With the increase in both the number and the popularity of layered
file systems, several shortcomings in the Linux VFS/MM API have become
apparent. Furthermore, there is a significant overlap in
functionality among the existing layered file systems. This presents
an opportunity to consolidate much of the layered file system code
into the VFS/MM API.
This position statement is that the VFS and MM should be enhanced to
better support layered file systems. We consider mainline adoption of
these solutions to be feasible in a 1-2 year time frame. Erez Zadok
and Mike Halcrow met in person in October 2007 and outlined a few such
problems and possible solutions (some of those solutions were tested
briefly). We believe that these solutions can be reach mainline
easily within 1-2 years. We would like to discuss those problems and
the possible solutions at LSF'08 and hopefully reach a consensus among
the attendees as to which approaches are the most suitable. Along
with the description of each problem, we plan on presenting actual
sample code snippets.
Examples of existing deficiencies include the following:
- Cache coherency between layers is challenging, and has many
smaller issues to solve. A few of them that we believe can be
solved within a couple of years are:
- mmap operations have to keep data pages at the upper and lower
file system layers, wasting memory. A struct page is not able to
cleanly passed from an upper layer to a lower layer, because the
page->mapping->host points to one inode structure, and changing
this pointer can be risky or racy; a clean API may be useful to
allow pages to point to several inodes (either directly from one
mapping->host, or as a linked chain of sorts). We suggest that
access to the mapping->host be regulated by a generic wrapper
which is able to invoke a chain/stack of callbacks so that
everyone in the stack can be informed.
- Processes can modify lower inodes, but the upper file system
isn't notified of such changes. This is a similar to how NFS
(v2/v3) handles cache coherency: checking the mtime of a file or
parent directory, to determine if the attribute cache is valid,
and invalidating dentries accordingly. Unionfs uses a similar
mtime-based method to detect changes to lower objects. Here too,
we would like to propose that every access to the inode's
m/a/ctime go through a vfs_* wrapper which can inform those at
upper layers who wish to know as soon as a lower object has been
modified.
Note: similar wrappers may be useful to regular access to other data
structure fields. Although this would require changing every mainline
file system as well as the VFS, the changes are simple enough that we
believe they won't affect stability at all, as they are the least
intrusive changes that would allow stackable file systems to perform
better cache coherency. We believe that most of the stack-awareness
modifications can be made to the common VFS code (esp. fs/stack.c).

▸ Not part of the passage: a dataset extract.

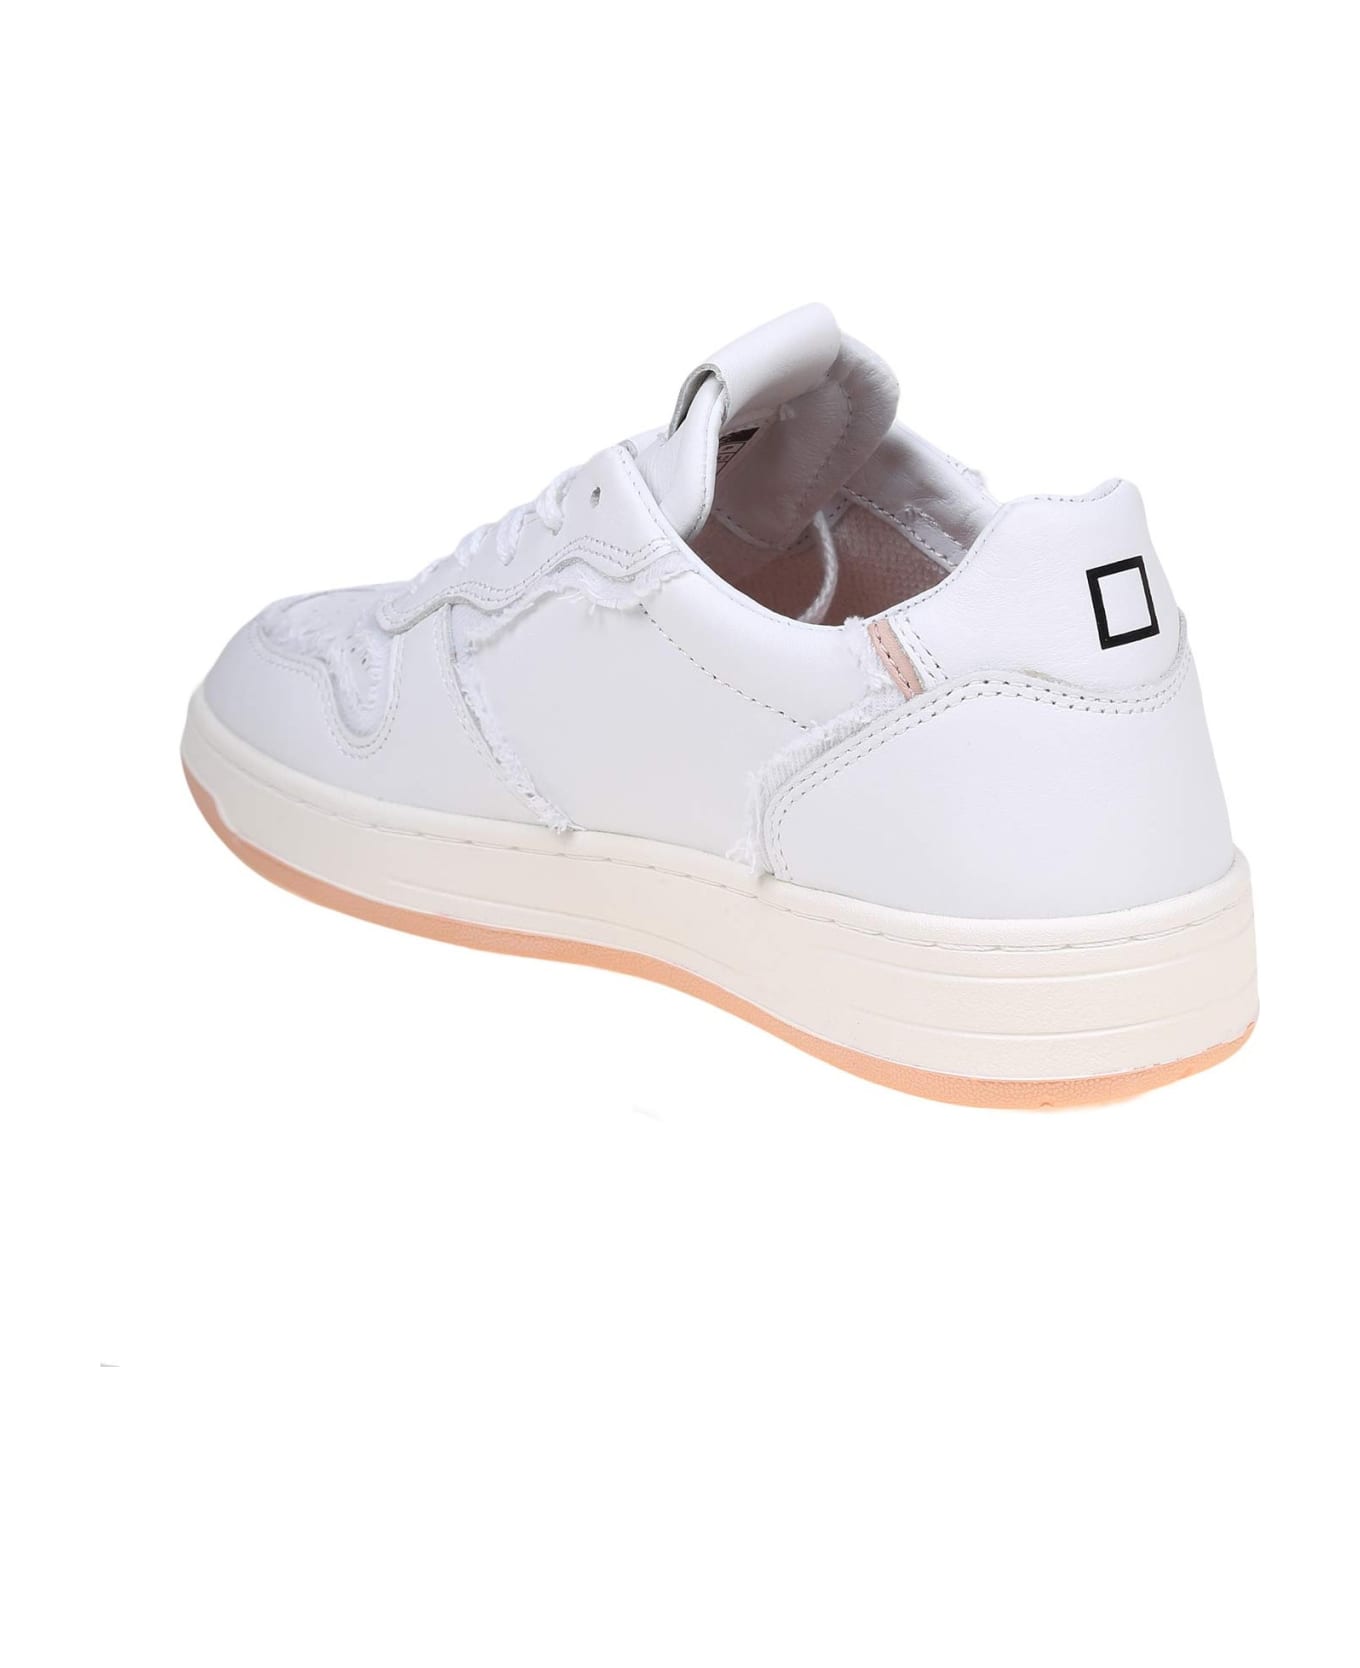 D.A.T.E. Court Sneakers In White Leather - Peach スニーカー

To solve the cache coherency cleanly, most likely there would have to
be a way to map lower objects to upper objects. For example, a lower
inode can be mapped to an upper one if each struct inode had an extra
field to point to an upper inode, if any; or a list could be used if
the mapping is not one-to-one. Alternatively, the superblock
structure could house a whole hash-table of inode mappings. Either
way, the vfs will need at least a couple of generic functions that
allow a file system to register (or de-register) a stacked object
(this is called "interpose" in ecryptfs/unionfs).

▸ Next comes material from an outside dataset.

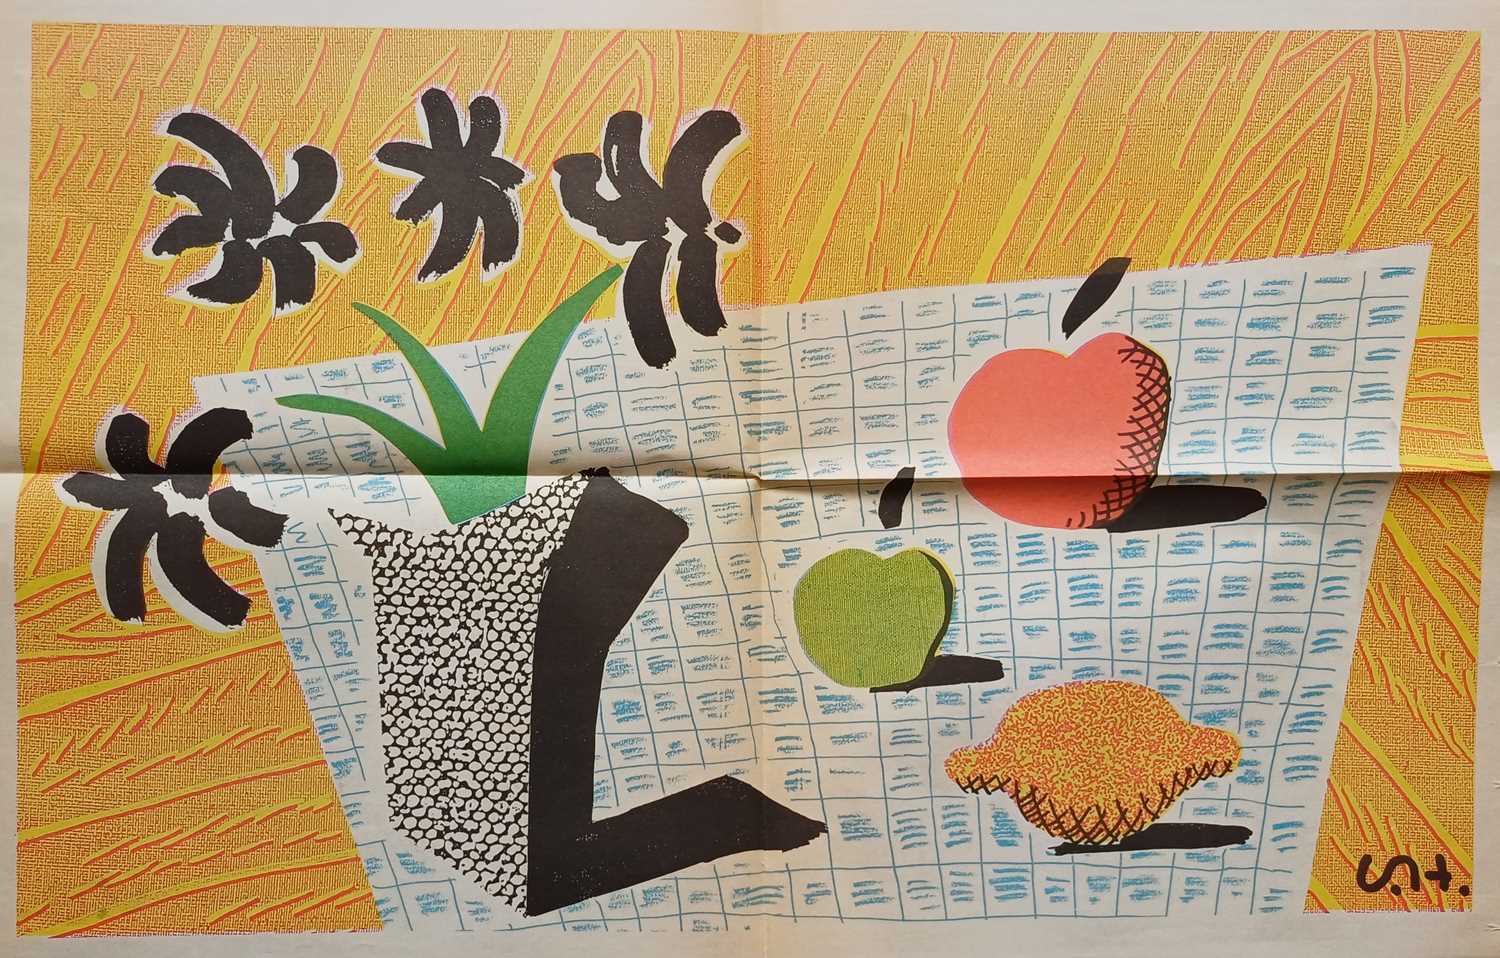 Hockney (David) ‘Two Apples & One Lemon & Four Flowers’, lithographic colour print described on

- Unionfs adds the notion of a file revalidation operation. It is
needed because the lower file could be modified directly by users,
but also due to branch-management (adding/removing directories
to/from the union). This is also related to cache coherency. We
would like to propose adding an optional file->revalidate method
which would be called by the VFS only if the file system defines
file->revalidate, and right before the VFS is about to access
other file methods such as ->read, ->write, etc.

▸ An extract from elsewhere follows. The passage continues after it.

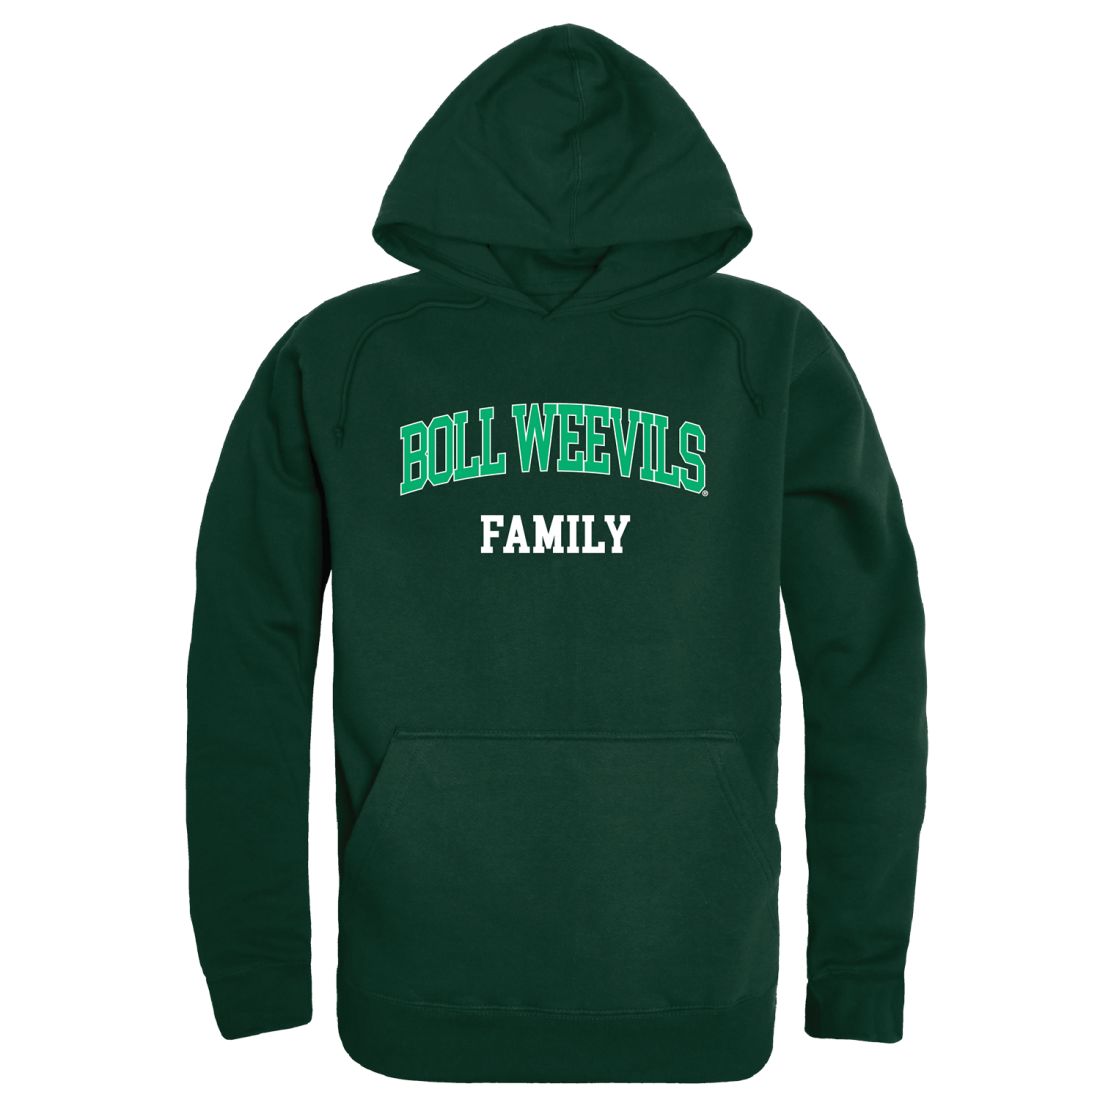 University of Arkansas at Monticello Boll Weevils & Cotton Blossoms Family Hoodie Sweatshirts

- eCryptfs saves a struct file inside its inode, so that
ecryptfs_writepage could call vfs_write. Unionfs calls the lower
->writepage directly, but then it has to deal with
AOP_WRITEPAGE_ACTIVATE. An suggestion is to get rid of
AOP_WRITEPAGE_ACTIVATE entirely (already proposed by Hugh
Dickins). Both Unionfs and eCryptfs use vfs_read for ->readpage
and vfs_write for ->commit_write. We would like to propose a set
of generic wrappers that stackable file system can use by default
for their address_space ops, thus eliminating duplicate efforts
(which would also be applicable for the newer write_begin/end
API). Another proposal is that ->writepage(s) should also be
passed a dentry and/or struct file: this would allow that last
address_space operation to be used with vfs_read/write as well.
- Stackable file systems use lookup_one_len to get the dentries of
lower files, because it is simple. But lookup_one_len doesn't
pass a nameidata structure, which can cause problems such as not
being able to cross filesystems (and bind mounts) on the lower
file system. An alternative is to call vfs_path_lookup, which has
a more complex interface, requiring the file system to keep track
of vfsmount's and nameidata's. We would like to propose a simple
way to lookup lower files such that the VFS, not the file system,
would hopefully keep track of the vfsmount's and nameidata's.
In this talk we discuss some issues that relate to developing stackable
file systems in the Linux kernel, and propose solutions for them.